3.1 Le contexte
[20] Peu après le début du témoignage de la plaignante, l’avocate de la poursuite lui exhibe six courriels. Dès lors, elle les dépose en preuve[6], avec le consentement de l’avocat de la défense :
Me Emilie Desjardins-Bertrand
(…) Alors, je vous coterais tous les courriels sous P-1 en liasse et on va les passer un à un. Ça vous va, collègue?
Me Olivier Cusson
Ça me va[7]
(Notre soulignement)
[21] L’avocate de la poursuite questionne ensuite la plaignante sur chacun de ces courriels[8]. Notamment, elle la questionne sur :
▪ l’adresse courriel de l’expéditeur;
▪ ses propres adresses courriel;
▪ le fait que la copie déposée de ces courriels correspond à ceux qu’elle a reçus dans sa propre boîte courriel[9];
▪ le contenu de chacun;
▪ les raisons pour lesquelles elle les attribue à l’accusé; et
▪ les sentiments qu’ils provoquent chez elle.
[22] Jamais l’avocat de la défense ne formule quelque objection à leur égard, bien au contraire[10]. Il ne réagit pas lorsque la plaignante témoigne ne pas avoir imprimé elle‑même les copies déposées[11]. Il ne plaide pas leur inadmissibilité en preuve. Cet argument n’apparaît qu’en appel.
3.2 Le droit et la discussion
[23] Bien que le juge d’instance possède le pouvoir d’écarter une preuve inadmissible[12], il est de jurisprudence constante que, normalement, une partie doit formuler son objection à l’admissibilité d’une preuve au moment où l’autre partie la présente au Tribunal.
[24] Ainsi, dans une décision de 2008, la Cour d’appel de l’Ontario qualifie ce principe de banal (« trite law »)[13]. Elle l’exprime d’ailleurs dès 1992 dans R v Kutynec[14]. Elle y écrit qu’avant l’avènement de la Charte, aucune personne au courant des règles sur la conduite d’un procès criminel n’aurait suggéré qu’un accusé puisse s’objecter de façon routinière à l’admissibilité d’une preuve soumise par la poursuite après que celle‑ci ait déclaré sa preuve close. Elle ajoute qu’il s’avère évident que l’accusé doit formuler de telles objections avant ou au moment où la preuve est présentée. Elle conclut que cette proposition sensée s’applique même aux demandes d’exclusion de la preuve en vertu de la Charte[15].

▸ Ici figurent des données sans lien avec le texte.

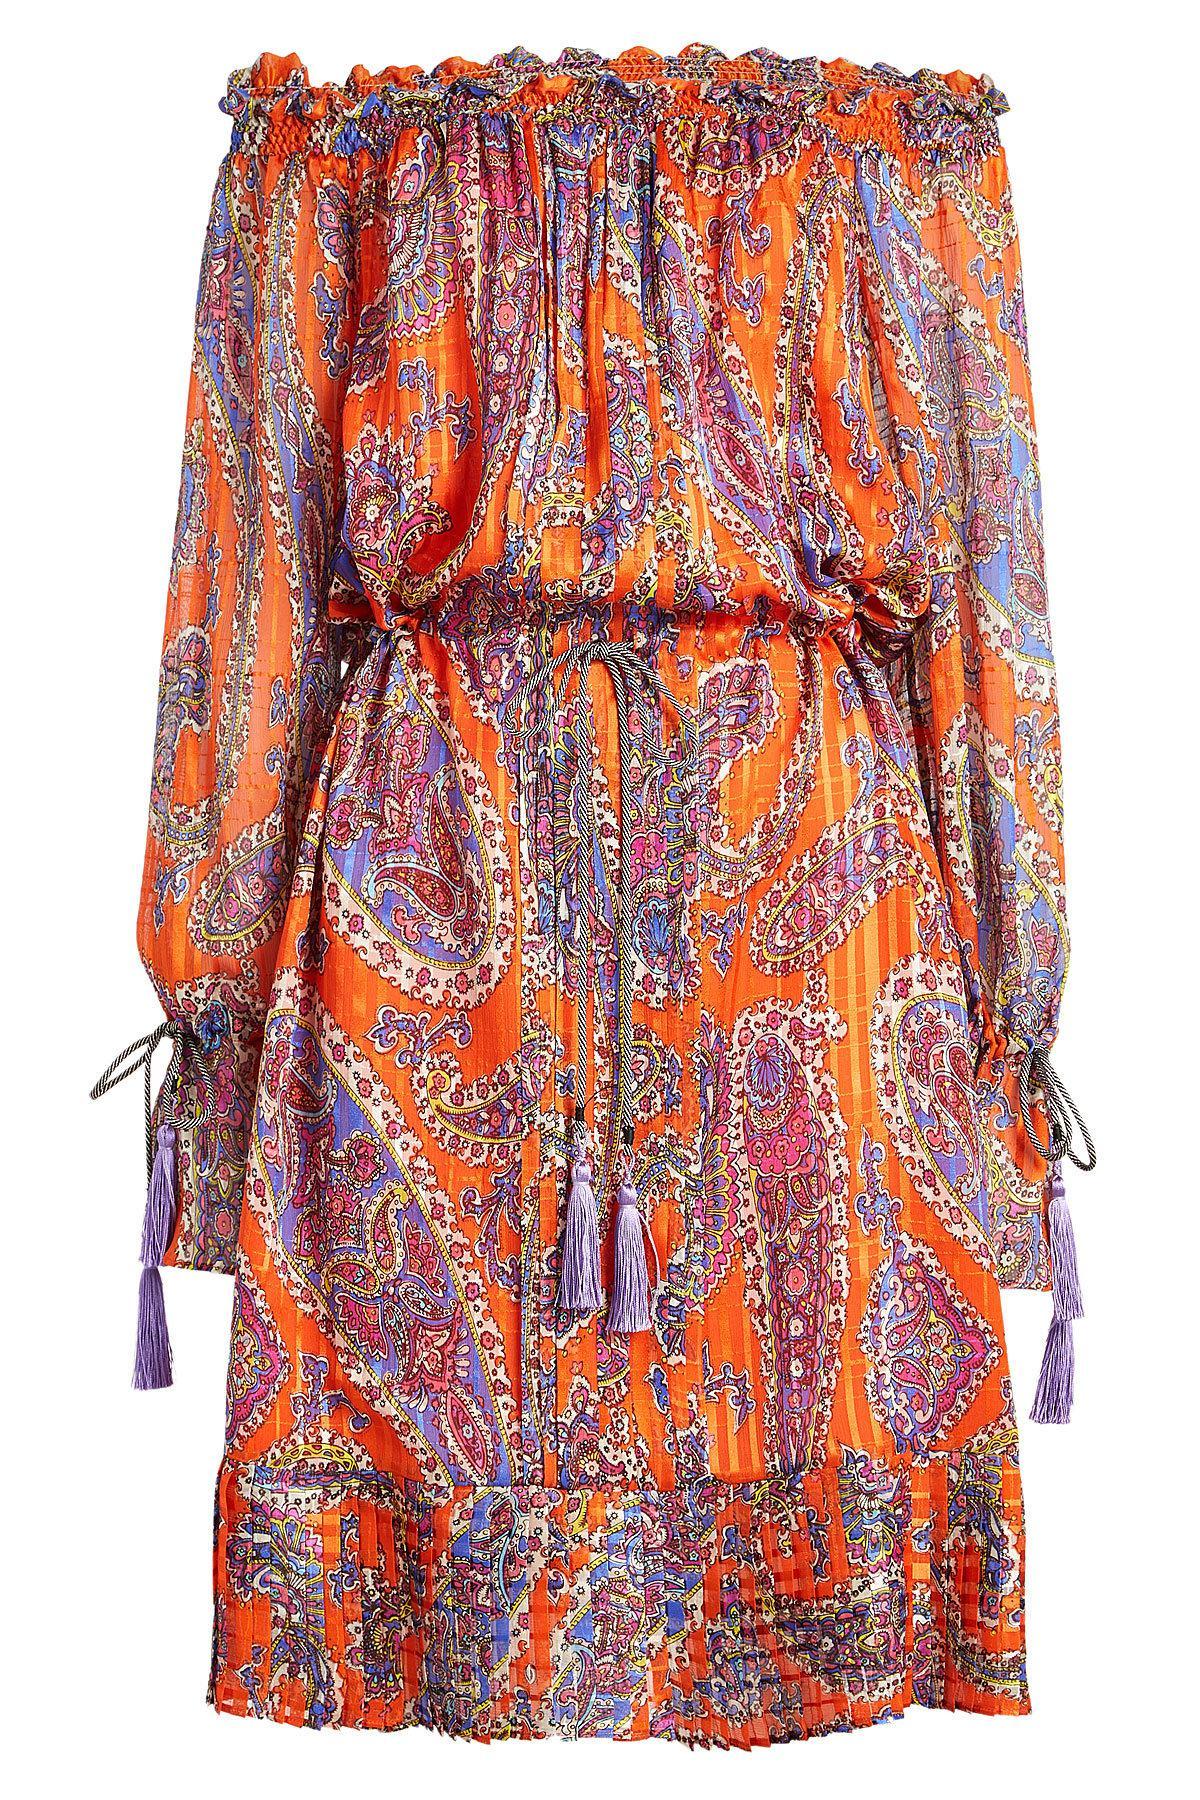 Etro. Women's Red Off-shoulder Printed Silk Dress

[25] Si tant est que ce soit nécessaire, la Cour explique qu’une conduite ordonnée et juste des procès criminels exige que la poursuite sache si la preuve qu’elle soumet sera reçue et considérée avant de déclarer sa preuve close :
14 Litigants, including the Crown, are entitled to know when they tender evidence whether the other side takes objection to the reception of that evidence. The orderly and fair operation of the criminal trial process requires that the Crown know before it completes its case whether the evidence it has tendered will be received and considered in determining the guilt of an accused. The ex post facto exclusion of evidence, during the trial, would render the trial process unwieldy at a minimum. In jury trials it could render the process inoperative.
(Notre soulignement)
[26] Plus récemment, la Cour d’appel du Québec rappelait ce principe[16], qu’elle avait déjà souligné plusieurs années auparavant[17].
[27] En l’espèce, la poursuite produit les courriels litigieux sans objection de l’accusé, voire avec son consentement. Celui-ci ne peut s’en plaindre en appel. L’autoriser à le faire serait injuste. En effet, si l’accusé s’en était plaint en temps opportun, la poursuite aurait facilement pu pallier à la carence qu’il invoque maintenant[18].
3.3 L’admissibilité des courriels
[28] L’accusé soulève une série d’éléments dont la poursuite n’a pas fait la preuve et qui rendrait le dépôt en preuve des courriels inadmissibles. En l’espèce, il a tort.
[29] Le fardeau de démontrer l’authenticité d’un courriel ne s’avère pas lourd[19]. Il s’agit simplement de soumettre certains éléments de preuve qui permettent de conclure que le document est bien ce qu’il paraît être[20]. Or, à l’audience de première instance, la plaignante reconnaît l’impression des courriels qui lui sont présentés comme étant une copie de ceux qu’elle a reçus dans sa boîte courriel, sans modifications[21].
[30] En l’espèce, cela suffisait compte tenu de la nature des documents. Dans les circonstances, il ne s’avère pas utile d’élaborer davantage sur cette question.